### Activity:
Only one stretch of the data below is wanted: the lines from the one with "Solution:1687.52 as a fraction is 42188/25" through the one with "Veneered wood top.", repeated exactly.

[Start of Attachment]

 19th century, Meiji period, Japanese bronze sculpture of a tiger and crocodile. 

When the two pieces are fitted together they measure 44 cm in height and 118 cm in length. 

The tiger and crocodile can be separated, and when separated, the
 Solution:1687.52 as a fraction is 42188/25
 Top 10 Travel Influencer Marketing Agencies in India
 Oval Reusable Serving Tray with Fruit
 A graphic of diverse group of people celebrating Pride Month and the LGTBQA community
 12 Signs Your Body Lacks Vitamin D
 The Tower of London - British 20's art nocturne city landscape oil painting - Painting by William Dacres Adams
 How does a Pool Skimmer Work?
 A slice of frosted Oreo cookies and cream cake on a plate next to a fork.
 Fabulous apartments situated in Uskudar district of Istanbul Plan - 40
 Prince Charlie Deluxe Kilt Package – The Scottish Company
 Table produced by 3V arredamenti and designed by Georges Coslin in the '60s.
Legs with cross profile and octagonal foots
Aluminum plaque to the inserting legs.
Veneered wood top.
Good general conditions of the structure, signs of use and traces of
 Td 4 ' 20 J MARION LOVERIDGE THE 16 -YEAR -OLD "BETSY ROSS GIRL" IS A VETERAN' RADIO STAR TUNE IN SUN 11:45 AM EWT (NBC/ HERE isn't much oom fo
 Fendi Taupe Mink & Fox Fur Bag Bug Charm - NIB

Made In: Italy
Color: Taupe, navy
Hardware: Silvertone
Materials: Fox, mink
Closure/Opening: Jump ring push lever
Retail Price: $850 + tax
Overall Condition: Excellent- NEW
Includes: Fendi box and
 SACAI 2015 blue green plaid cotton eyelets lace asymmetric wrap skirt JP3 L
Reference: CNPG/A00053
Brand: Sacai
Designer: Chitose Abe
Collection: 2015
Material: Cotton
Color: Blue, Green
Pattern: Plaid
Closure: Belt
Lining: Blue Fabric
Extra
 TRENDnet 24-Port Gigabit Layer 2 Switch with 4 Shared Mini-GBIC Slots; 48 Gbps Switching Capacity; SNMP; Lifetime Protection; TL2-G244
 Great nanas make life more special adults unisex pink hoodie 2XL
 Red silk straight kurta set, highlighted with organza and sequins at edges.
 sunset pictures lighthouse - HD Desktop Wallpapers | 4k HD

[End of Attachment]

### Answer section:
 Solution:1687.52 as a fraction is 42188/25
 Top 10 Travel Influencer Marketing Agencies in India
 Oval Reusable Serving Tray with Fruit
 A graphic of diverse group of people celebrating Pride Month and the LGTBQA community
 12 Signs Your Body Lacks Vitamin D
 The Tower of London - British 20's art nocturne city landscape oil painting - Painting by William Dacres Adams
 How does a Pool Skimmer Work?
 A slice of frosted Oreo cookies and cream cake on a plate next to a fork.
 Fabulous apartments situated in Uskudar district of Istanbul Plan - 40
 Prince Charlie Deluxe Kilt Package – The Scottish Company
 Table produced by 3V arredamenti and designed by Georges Coslin in the '60s.
Legs with cross profile and octagonal foots
Aluminum plaque to the inserting legs.
Veneered wood top.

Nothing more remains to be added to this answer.